Homebuilder sentiment rises as interest rates stay in check

The nation’s homebuilders are feeling better about the state of their industry as lower interest rates boost consumer confidence.

Builder sentiment rose 4 points to 62 in February, according to a monthly survey from the National Association of Home Builders/Wells Fargo Housing Market Index. The survey stood at 71 last February. Anything above 50 on the index is considered positive.

Sentiment fell at the end of last year, largely because mortgage rates jumped in the fall, hurting affordability. Newly built homes come at a price premium to existing homes, so higher interest rates can have an outsize effect on the new construction market.
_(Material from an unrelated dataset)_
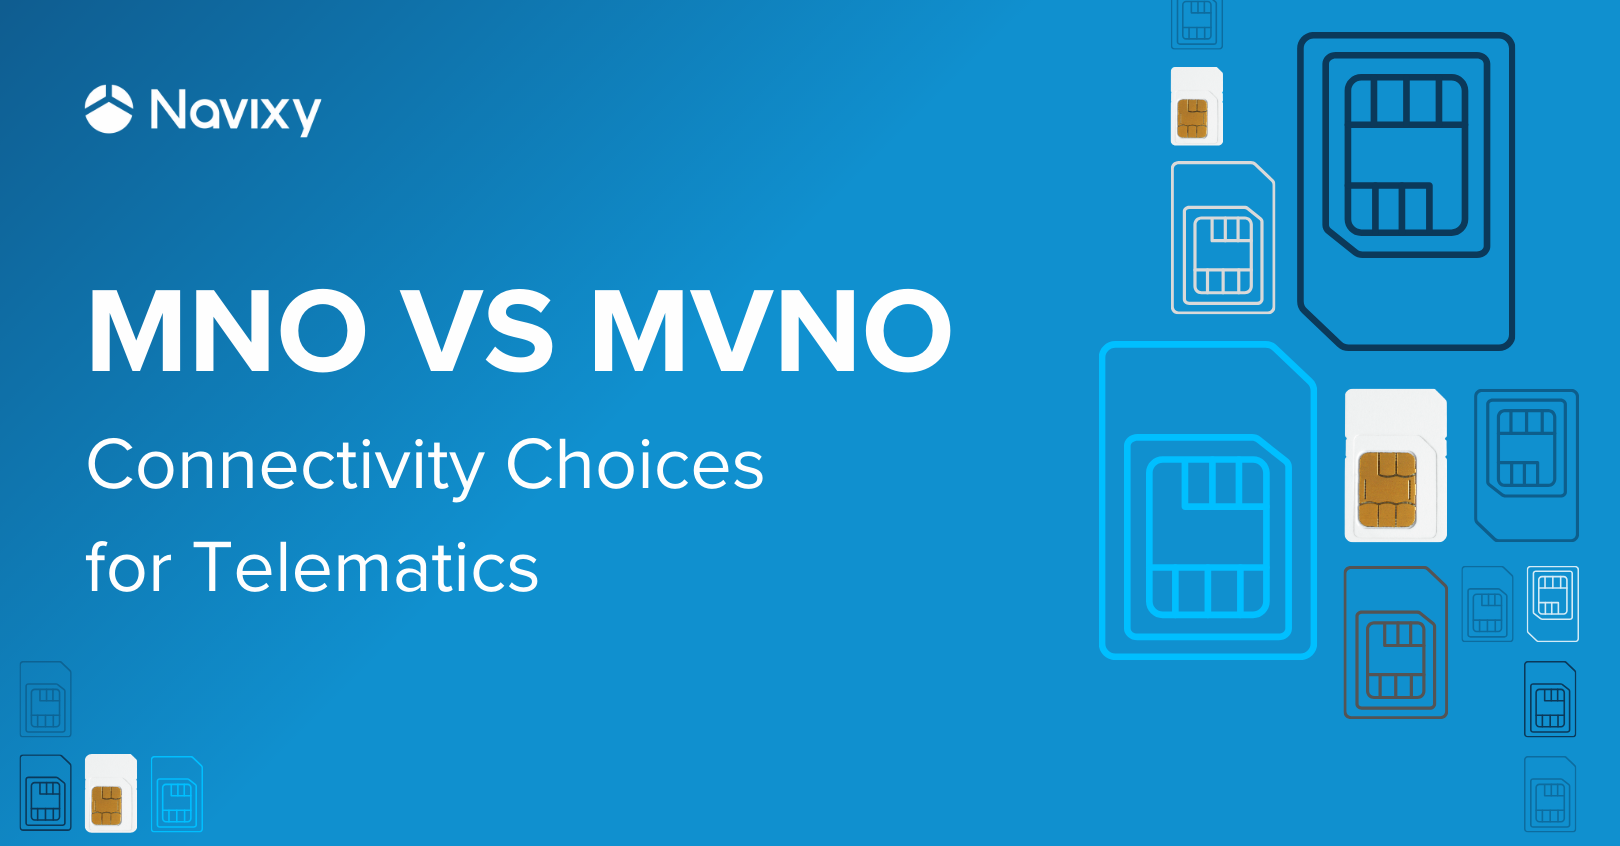 MNO vs MVNO: Connectivity Choices for Telematics

Interest rates then fell sharply at the end of the year and have remained lower this year.

“Ongoing reduction in mortgage rates in recent weeks coupled with continued strength in the job market are helping to fuel builder sentiment,” said NAHB Chairman Randy Noel. “In the aftermath of the fall slowdown, many builders are reporting positive expectations for the spring selling season.”

Of the index’s three components, buyer traffic moved up 4 points to 48. Current sales conditions rose 3 points to 67, and sales expectations over the next six months increased 5 points to 68. February marks the second month where all three of the indexes showed gains.

Sales of newly built homes have been hard to read, due to the recent government shutdown and delays in reporting from the U.S. Census. Several sources noted a sharp decline in sales toward the end of the year, with a slight improvement in January. Mortgage applications to purchase newly built homes were flat in January compared with January 2018, according to the Mortgage Bankers Association. The cost to build homes continues to be a concern.

“Rising costs stemming from excessive regulations, a dearth of buildable lots, a persistent labor shortage and tariffs on lumber and other key building materials continue to make it increasingly difficult to produce housing at affordable price points,” said NAHB Chief Economist Robert Dietz.

Housing starts and builder permits data have not been reported since last year, but they have been running well below demand and historical averages since the housing crash. While single-family starts are slowly rising, there continues to be a critical shortage of homes for sale, especially at lower, more affordable prices.

Builders are still focused most on the move-up sector of the housing market, as the costs of land, labor and materials continue to run high, making it more difficult financially to build lower-priced homes.